Todos dicen —decimos— que es un estimable poeta que no goza del reconocimiento que merece. Ya lo he dicho. Y ahora intentaré explicar el por qué de esta rara unanimidad de juicio entre críticos de toda laya y condición.
Empecemos por lo malo. ¿Qué impide el merecido reconocimiento al poeta Pujol? En parte, que empezó a publicar poesía muy tarde, pasada la cincuentena; para entonces las nóminas generacionales estaban cerradas a cal y canto. Otro factor es que Pujol ya era conocido como novelista, ensayista y traductor extraordinario, y a la gente le cuesta cambiar sus esquemas. Pero hay otros motivos que entran más adentro en su poesía. Veámoslos.

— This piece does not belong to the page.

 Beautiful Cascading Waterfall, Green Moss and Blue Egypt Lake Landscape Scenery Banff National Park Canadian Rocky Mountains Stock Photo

Carlos Pujol es un hombre inagotable y modesto que sólo hace ostentación de su modestia, no de su inagotabilidad. Y tanto ostenta, que ha conseguido convencer a casi todos de que es un poeta menor y diletante.

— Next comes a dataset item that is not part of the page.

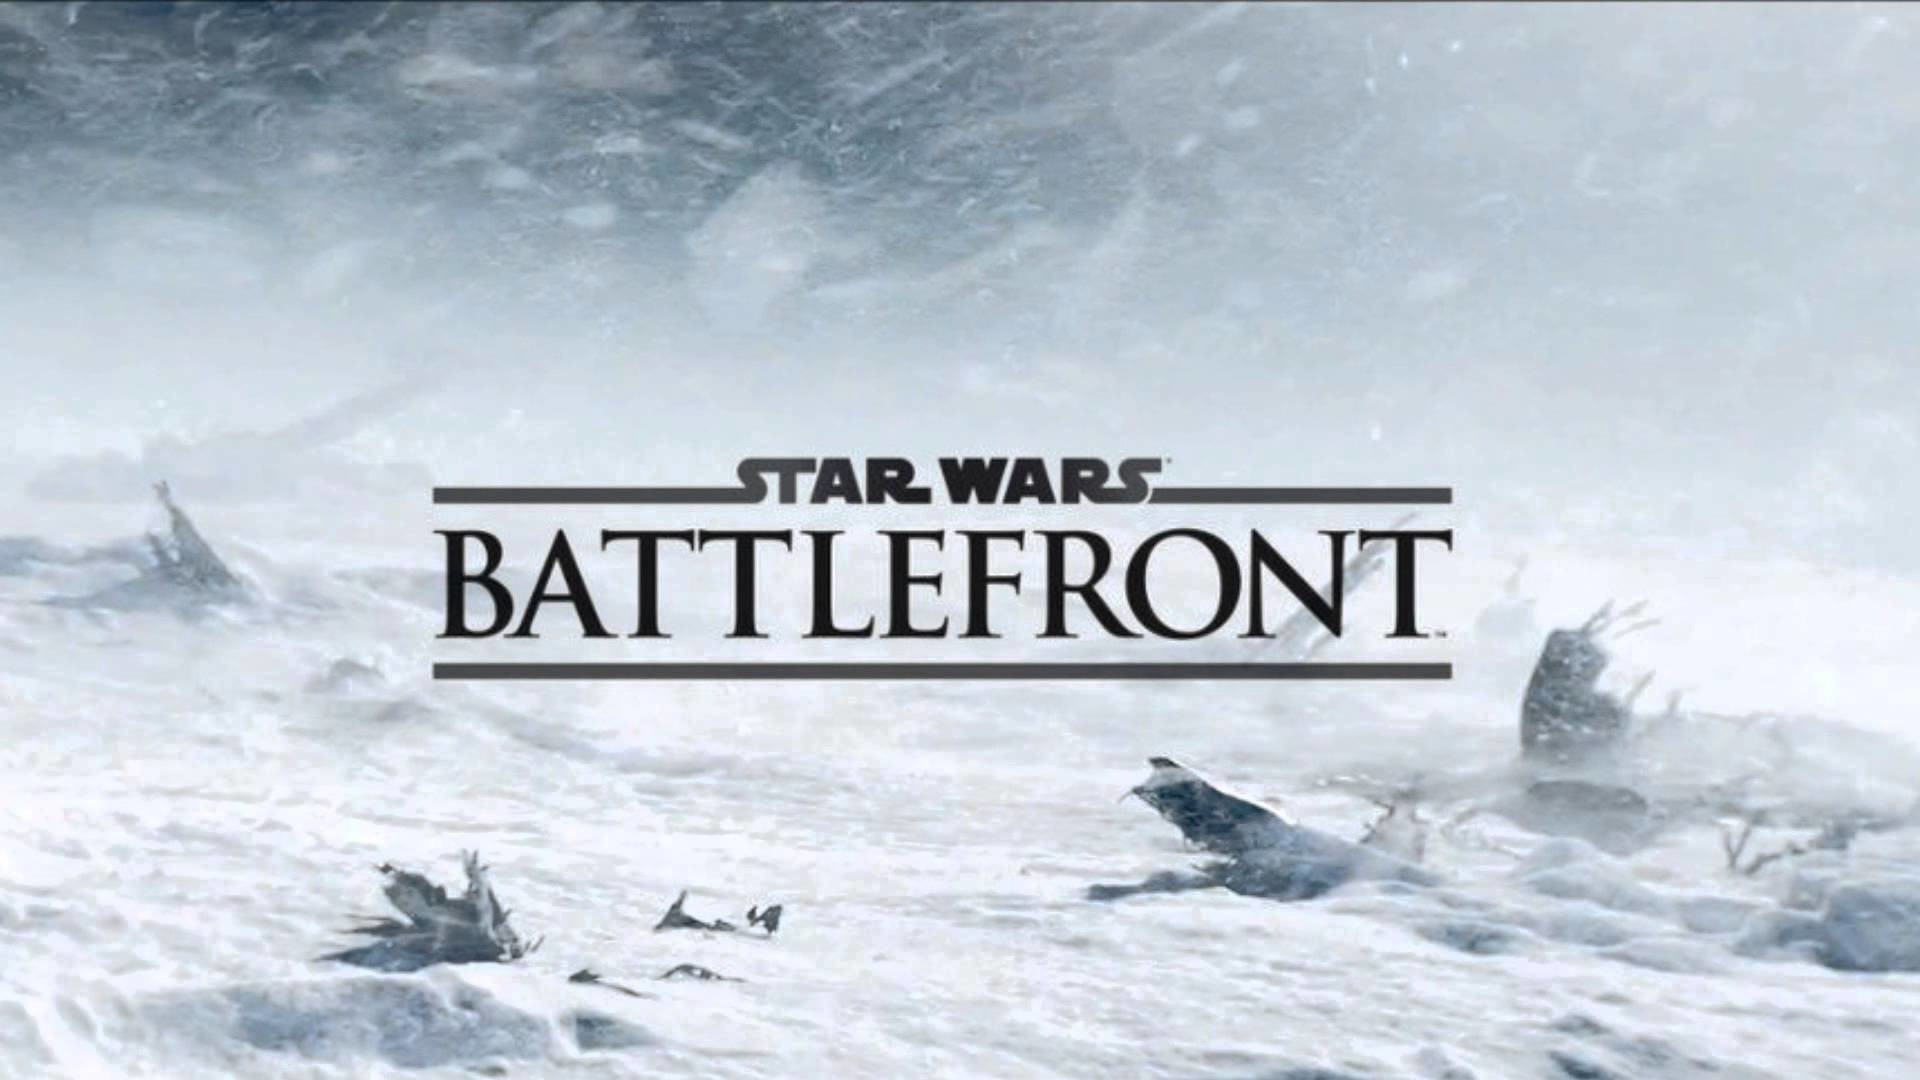 Star Wars Battlefront Gets New Smartphone Wallpapers; Downloadable Images  Inside   The Games Cabin

En mi juego de espejos ya no sé
a qué remite cada imagen, ni
adónde me conducen
las oscuras verdades de la estética. (pág. 110).
*
¿Qué más? Escribir por capricho (pág. 309)
*
Pero entonces, ma bonne, ¿por qué escribo? (pág. 315)
*
Fue un oscuro poeta que aparece
citado en más de un libro,
pero de él no se sabe casi nada (pág. 427)
Pujol parece ser, además, uno de los pocos escritores que se ha tomado en serio eso de que “el yo es odioso”. En consecuencia acude a la técnica del monólogo dramático, a lo Robert Browning. Durante poemarios enteros cede su voz a Bernini (Gian Lorenzo, 1987), a Job (Fragmentos del libro de Job, 1998), a Vermeer (La pared amarilla, 2002), a la Marquesa de Sévigné (Retrato de París, 1999) y al mismo Browning, nada menos; y eso sin contar otros muchos personajes en poemas sueltos de Vidas de poetas (1995) y de Los aventureros (1996). Es muy significativo que con frecuencia escoja artistas hondos, un punto misteriosos, un poco desengañados, con inquietudes religiosas e intensas relaciones familiares. Son las huellas que deja en su huida, porque Carlos Pujol se esconde en sus monólogos dramáticos o se hace, como Vermeer, el autorretrato de espaldas. Incluso cuando cae en la debilidad de recordar su propia infancia, las intenciones son, como explica en el epílogo de Conversación (1998), bastante disolventes: "regreso a lo que fue con la intención de dejarlo definitivamente atrás. Si es posible" (pág. 263).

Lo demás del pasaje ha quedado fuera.